» EXERCISE BRIEF
In duplicating the lines below, keep every word unchanged and drop the pictures.

» RAW DATA
※ ※ ※
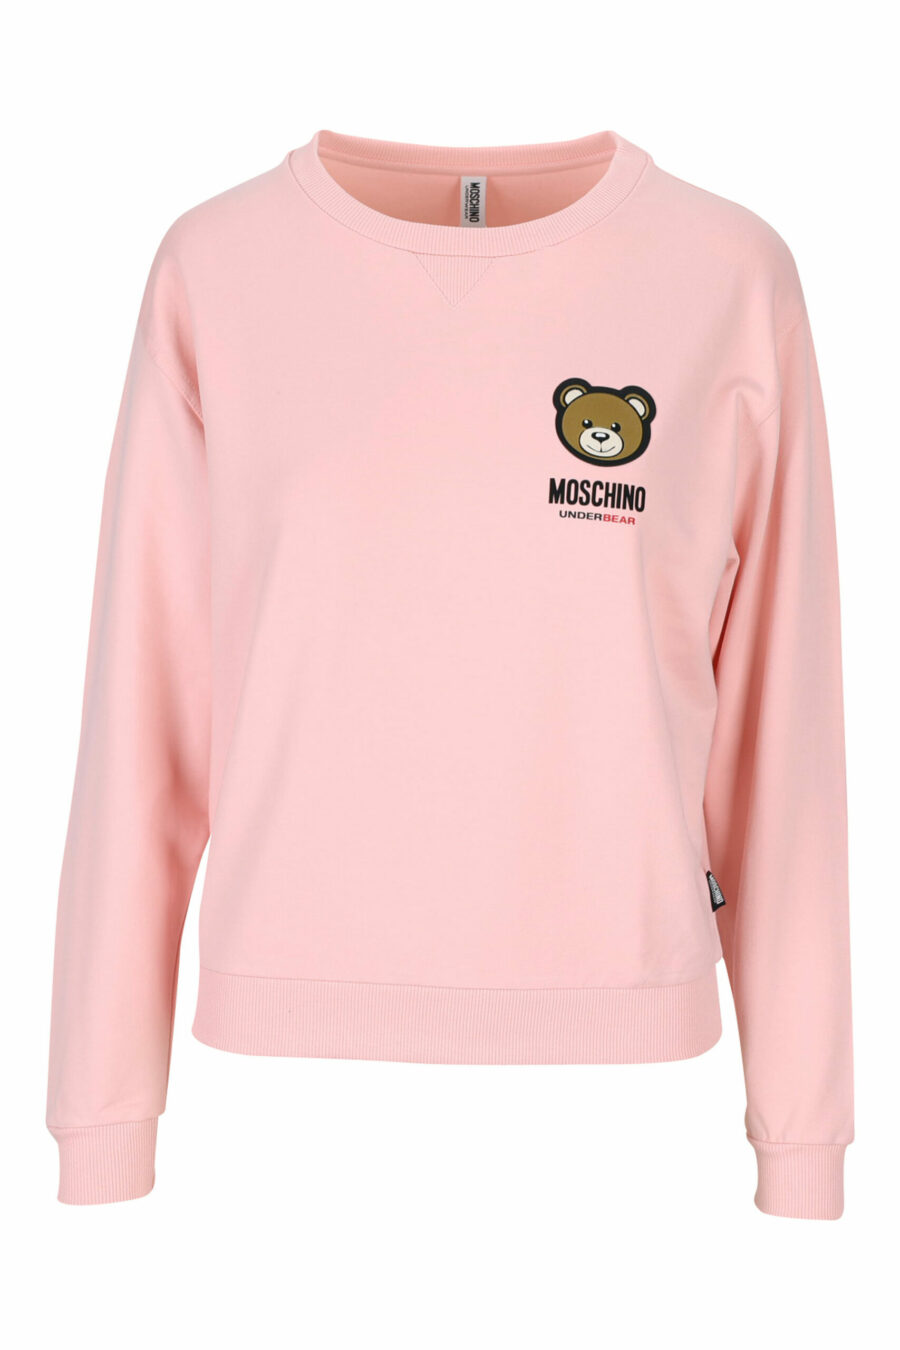 Sudadera rosa con logo en parche oso "underbear" - 889316618365 scaled
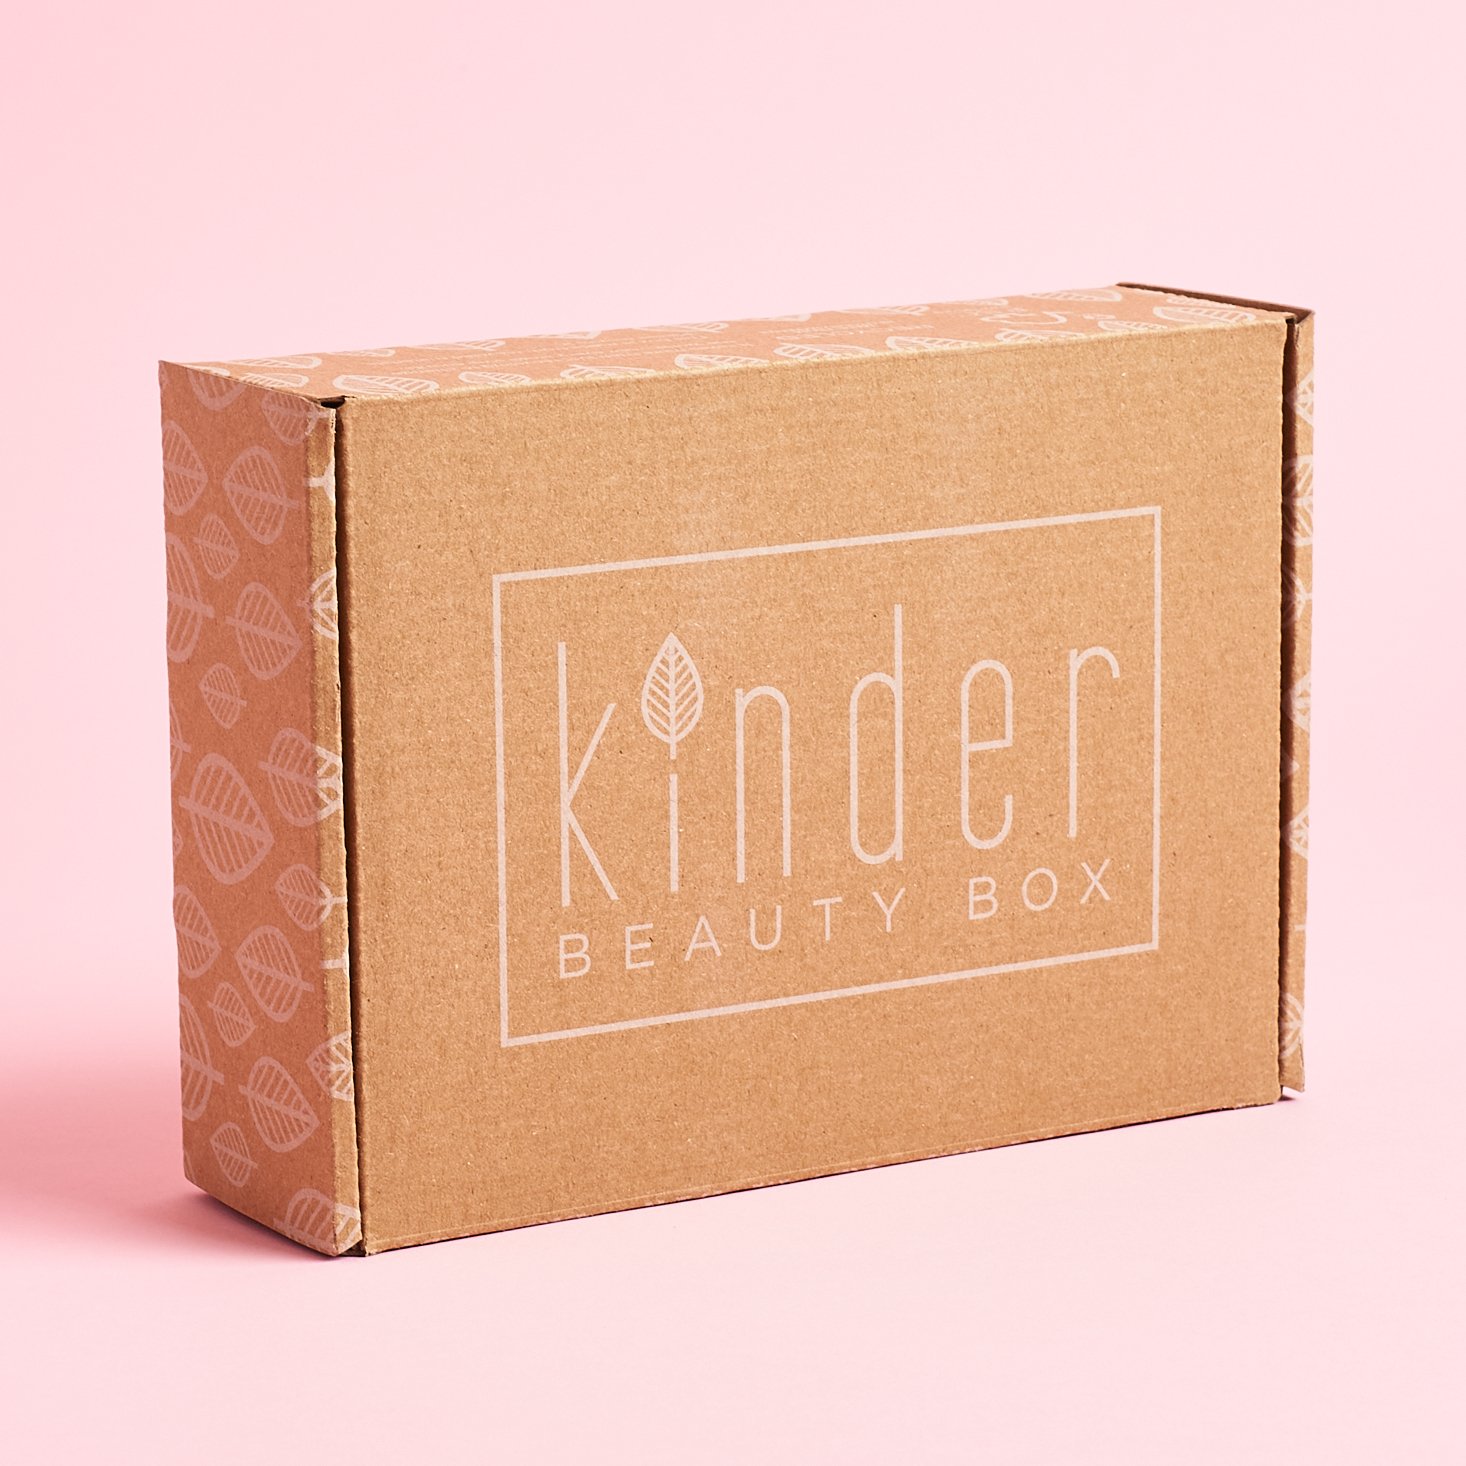 Kinder Beauty Box Review - Is It Worth It? - GenTwenty
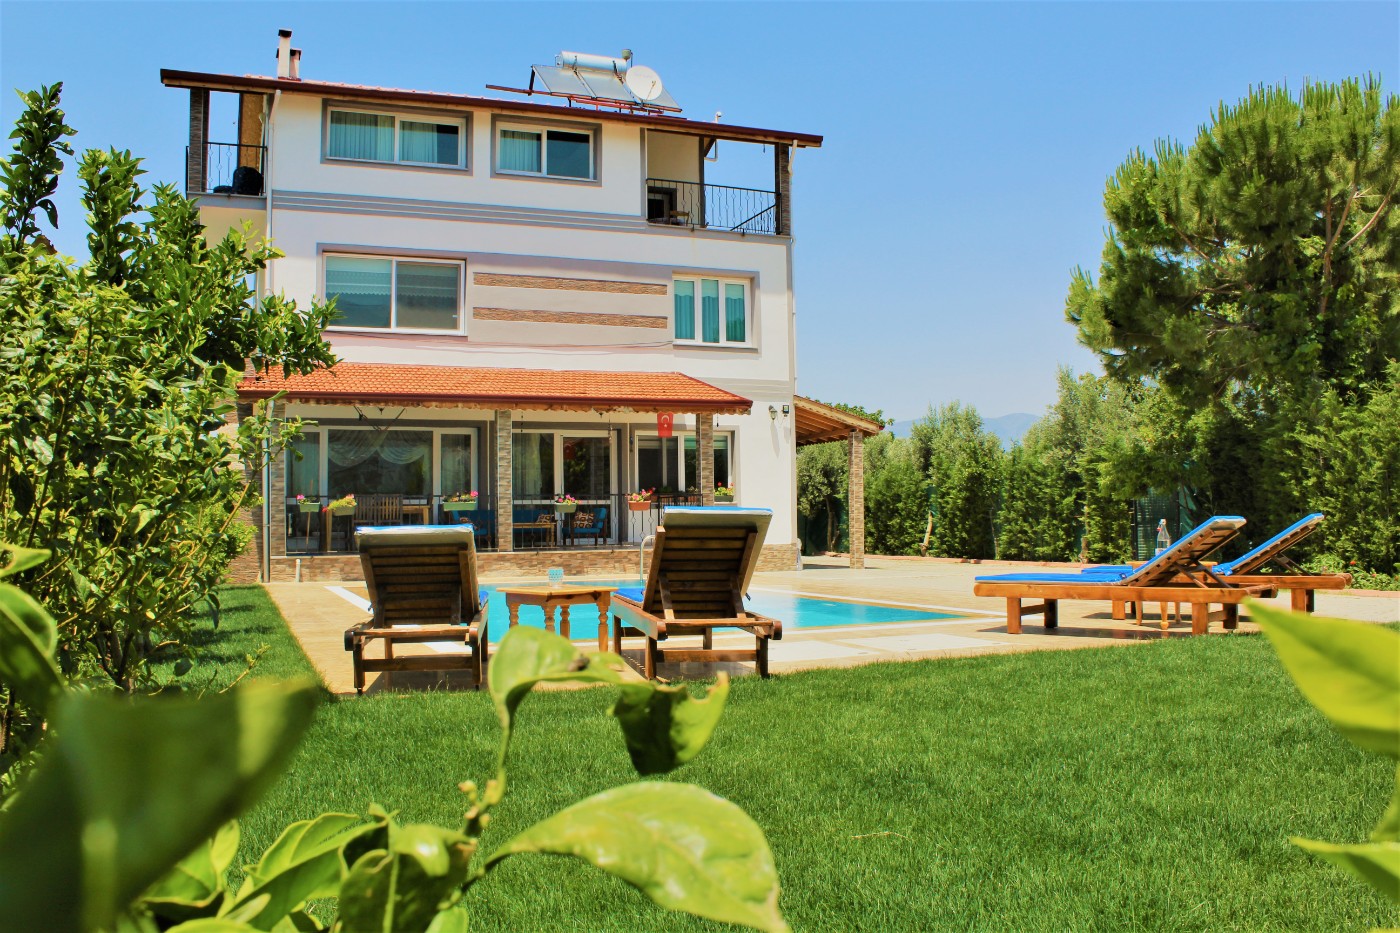 Fethiye Çamköy'de Huzuru Hissedebileceğiniz, Özel Havuzlu, 5+2 Korunaklı Kiralık Villa
※ ※ ※
» WRITTEN ANSWER
 Sudadera rosa con logo en parche oso "underbear" - 889316618365 scaled
 Kinder Beauty Box Review - Is It Worth It? - GenTwenty
 Fethiye Çamköy'de Huzuru Hissedebileceğiniz, Özel Havuzlu, 5+2 Korunaklı Kiralık Villa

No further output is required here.